BEGIN Stored data
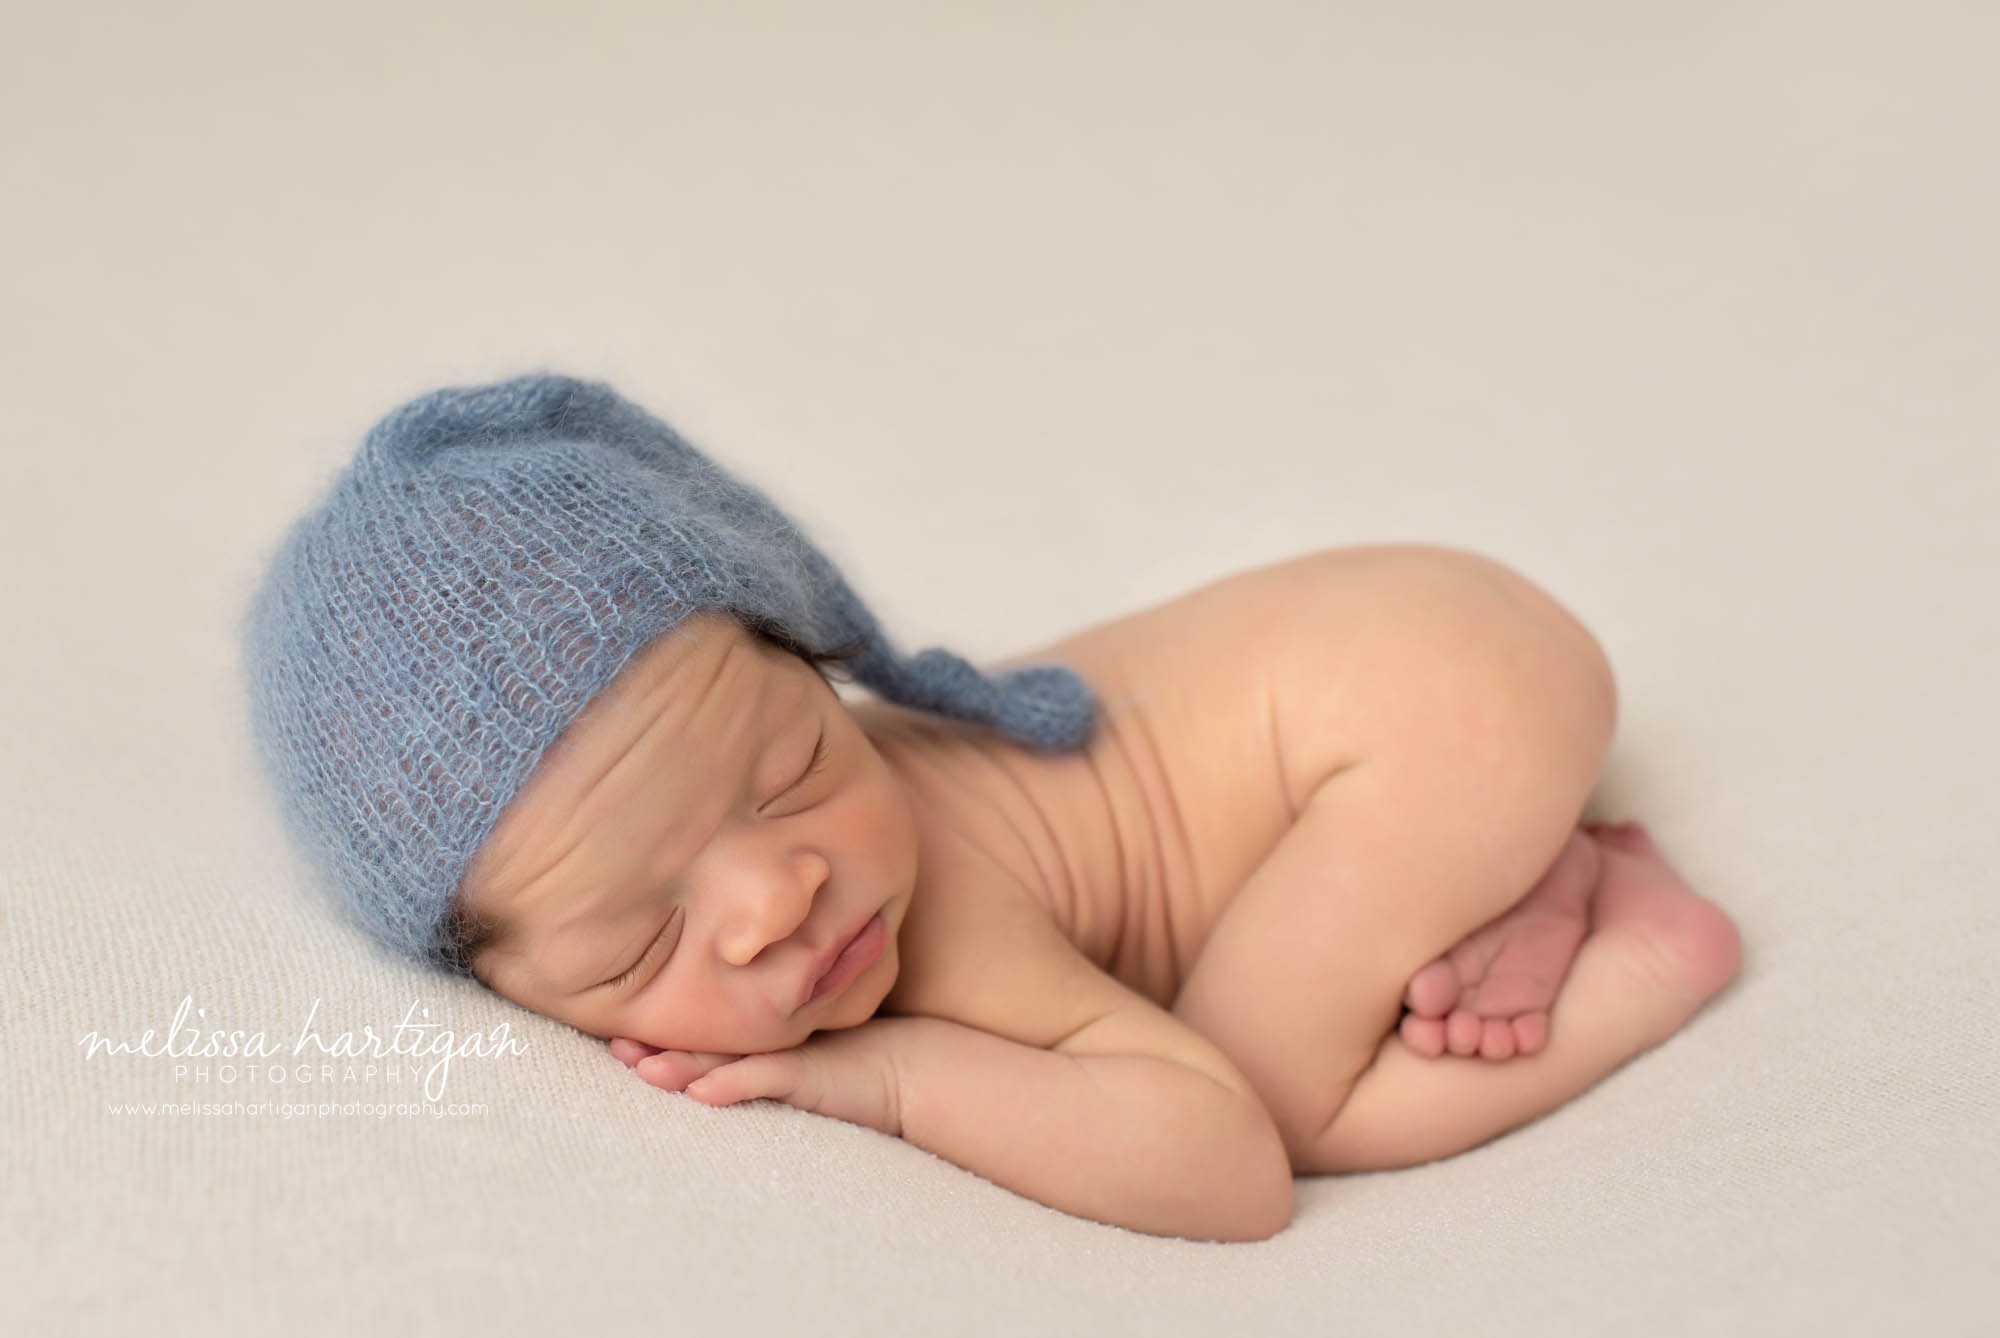 baby boy posed on belyl with bum up wearing blue knitted sleepy cap
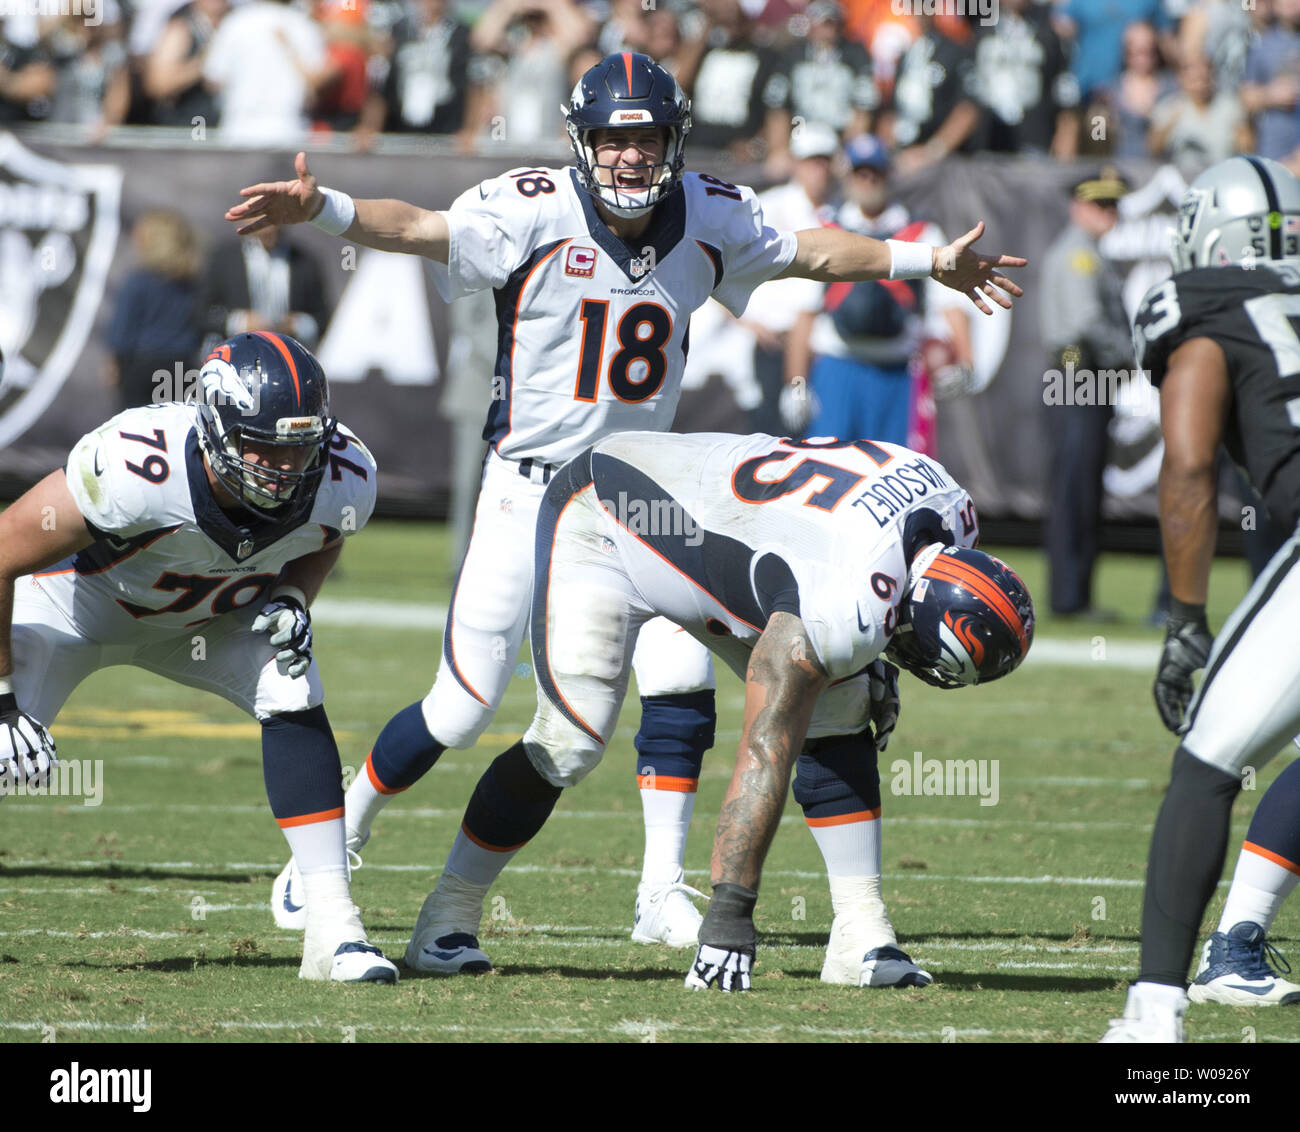 Denver Broncos QB Peyton Manning changes the call at the line in the second quarter against the Oakland Raiders at O.co Coliseum in Oakland, California on October 11, 2015. The Broncos defeated the Raiders 16-10.  Photo by Terry Schmitt/UPI Stock Photo
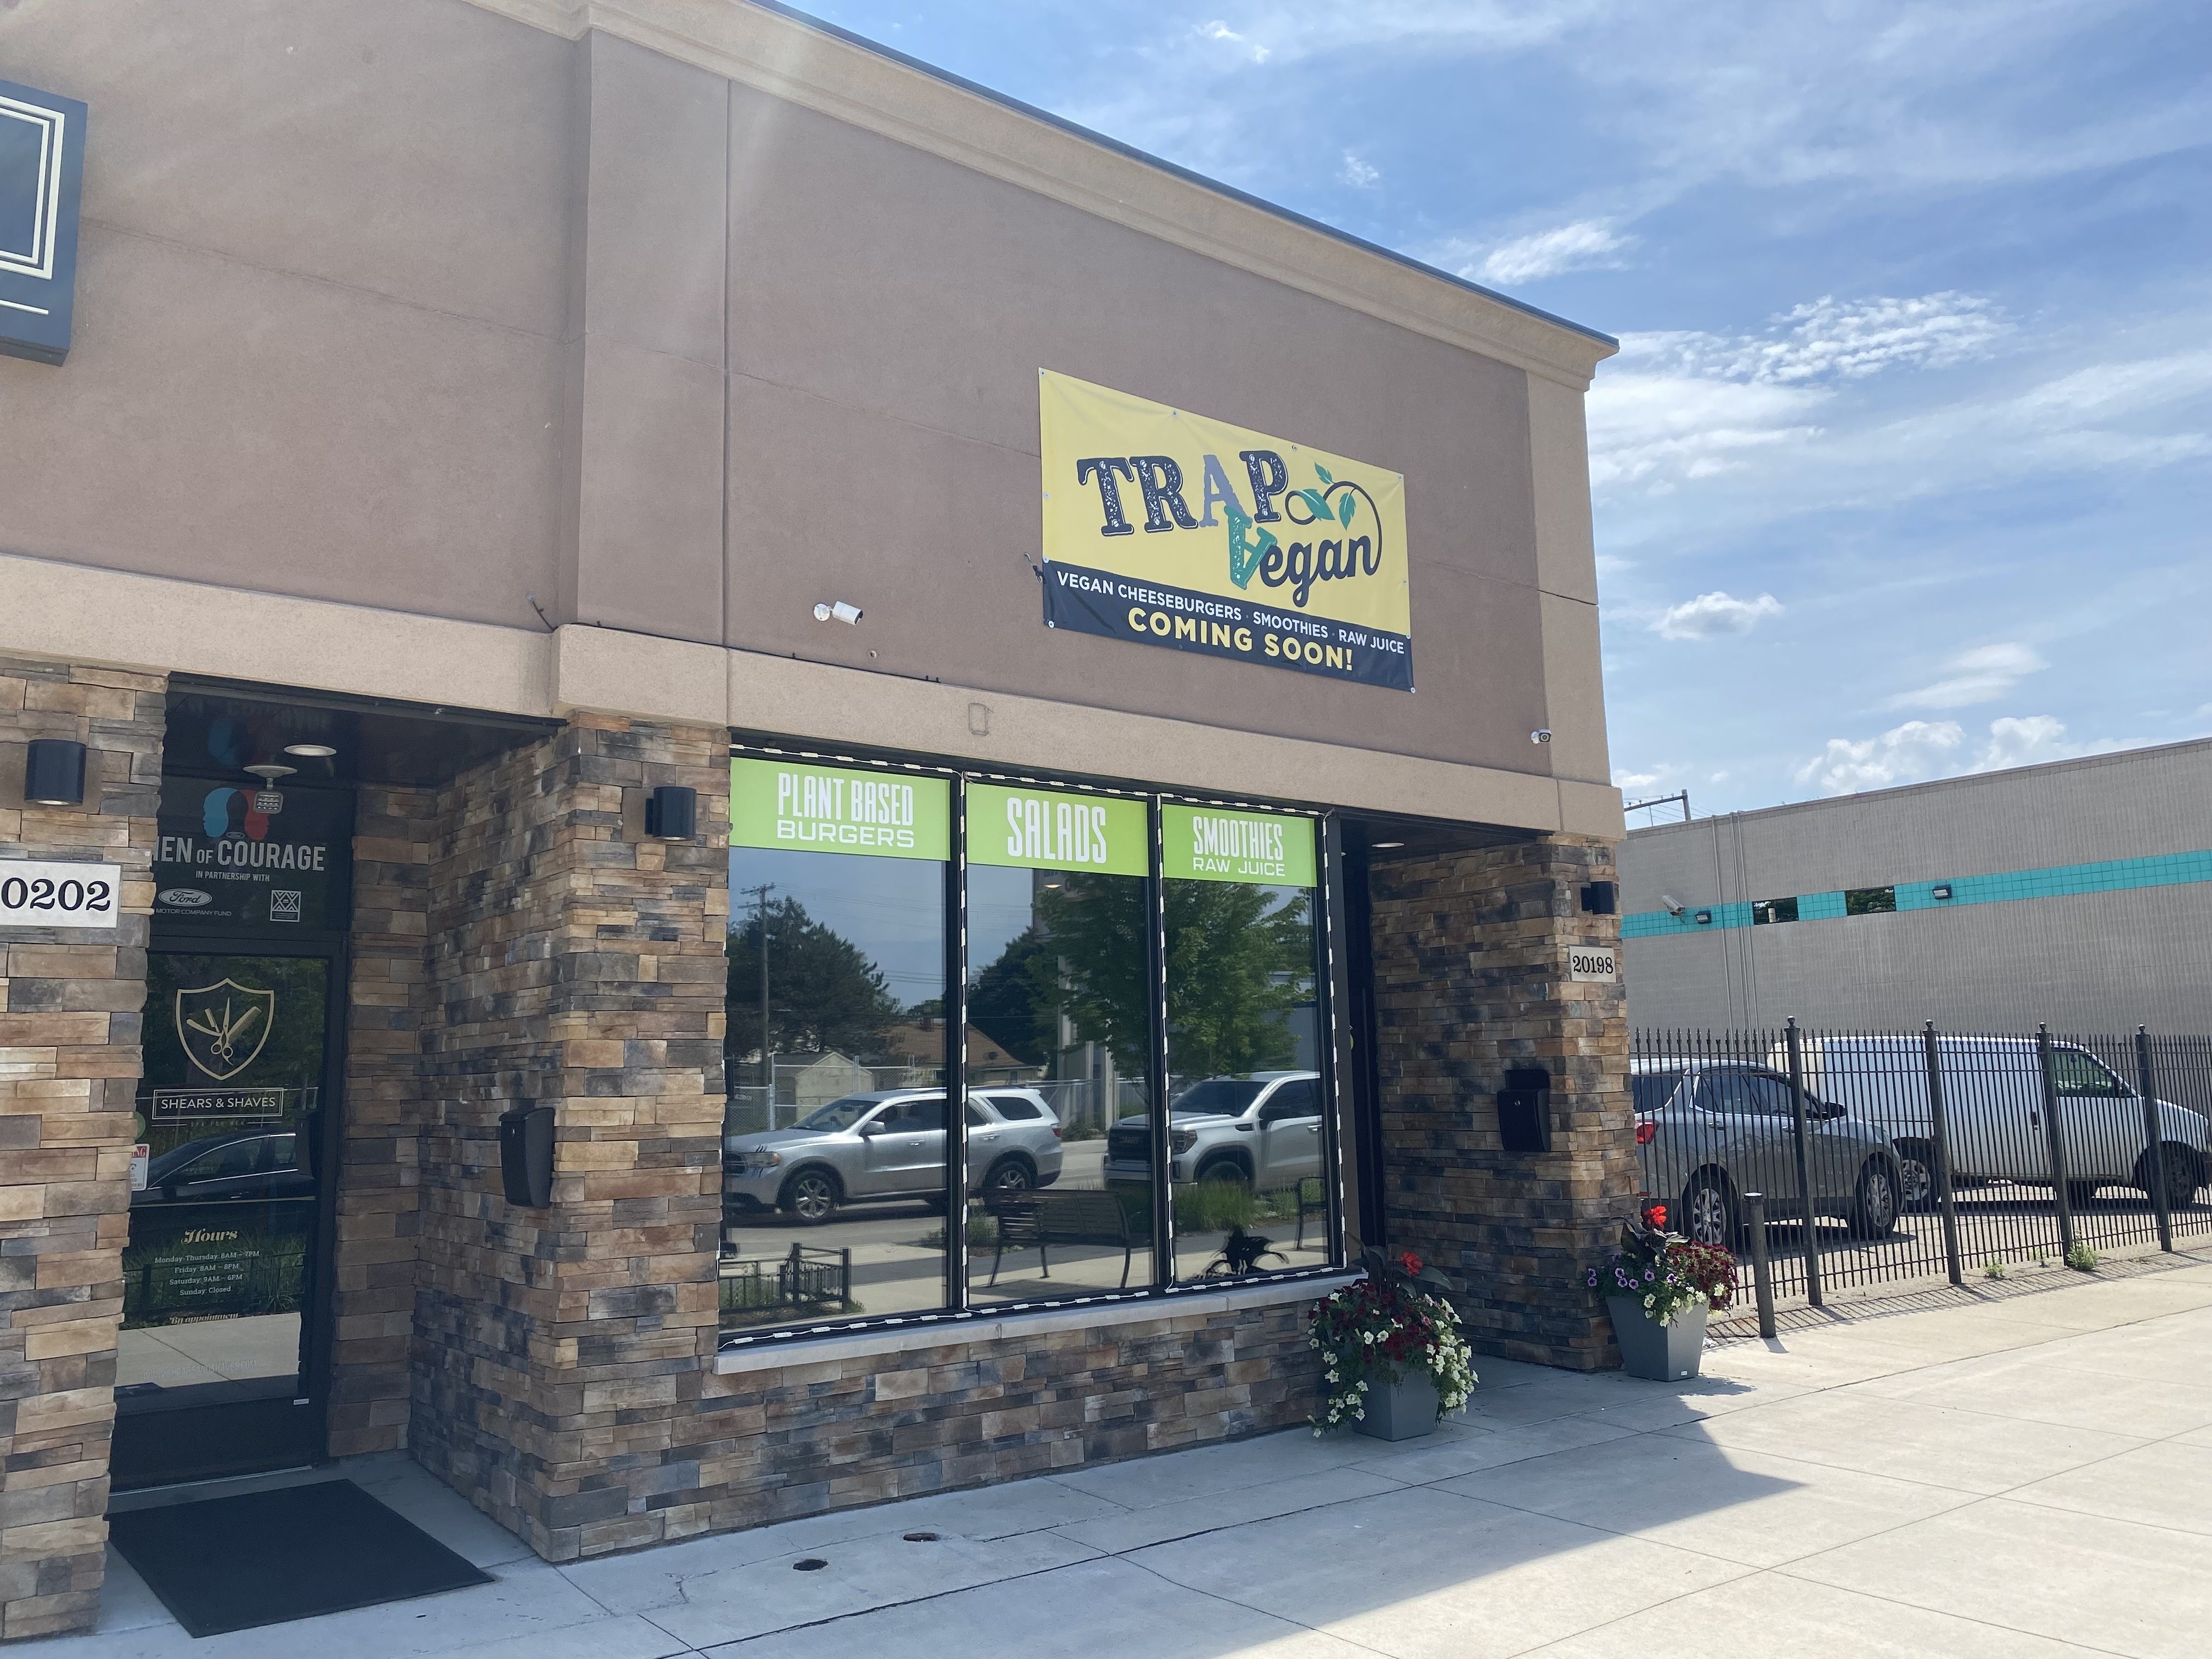 The Trap Vegan storefront in a strip mall
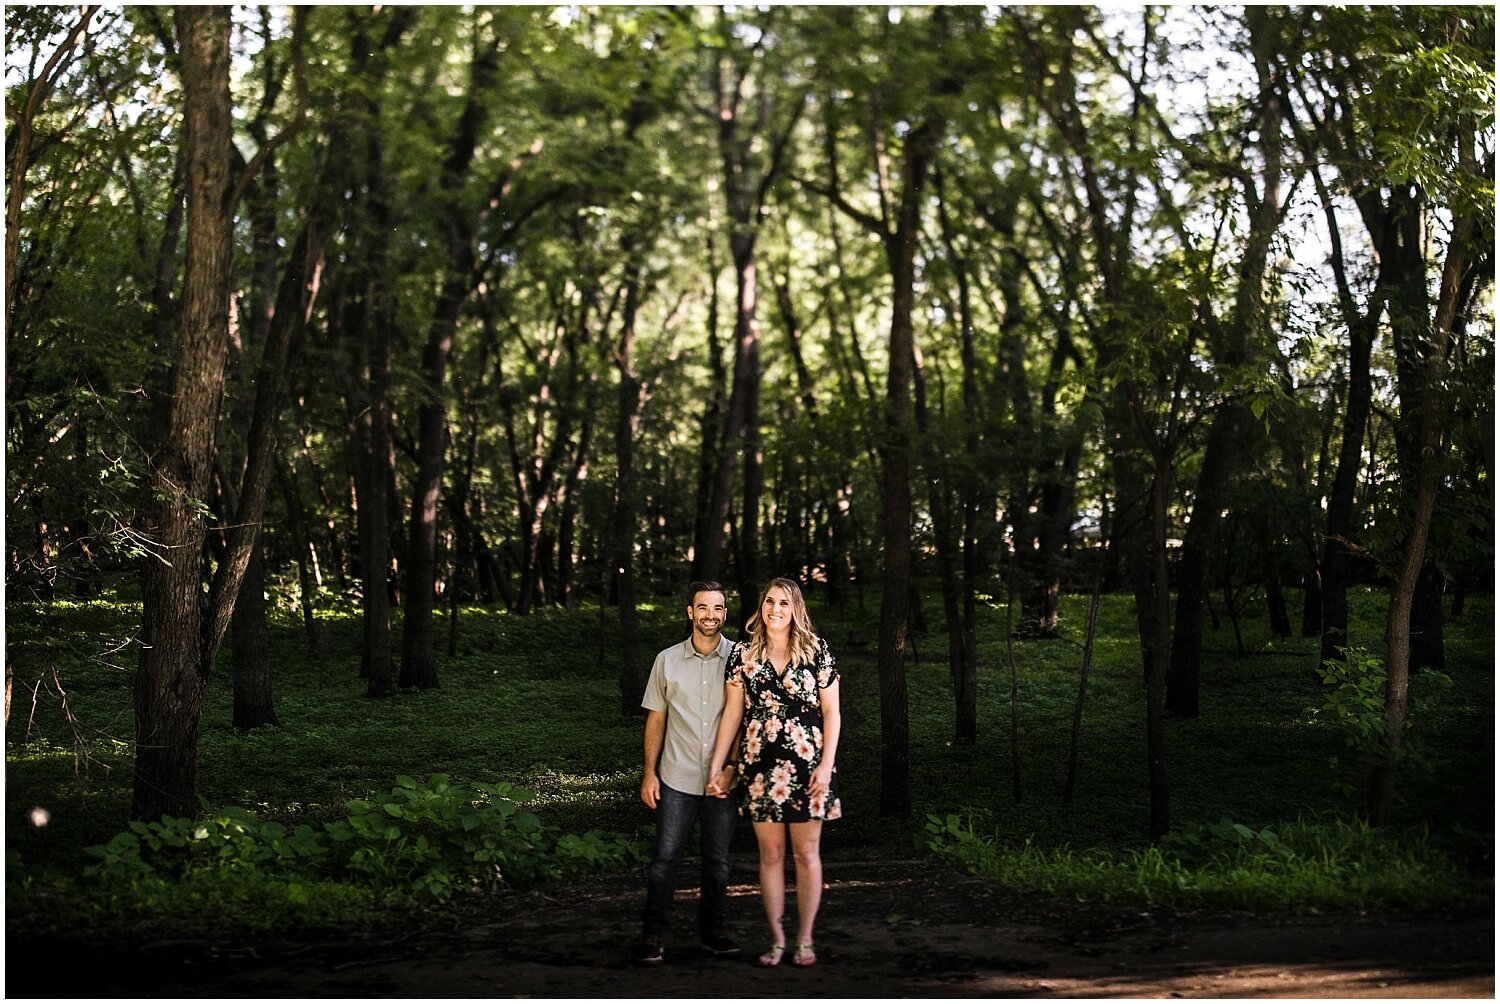  MPLS engagement photo session
END Stored data
» **What to do**:
Your answer must reproduce exactly the lines from the line with "The Trap Vegan storefront in a strip mall" through the end of the material, both ends included, with every picture dropped.

» **Problem solution**:
 The Trap Vegan storefront in a strip mall
  MPLS engagement photo session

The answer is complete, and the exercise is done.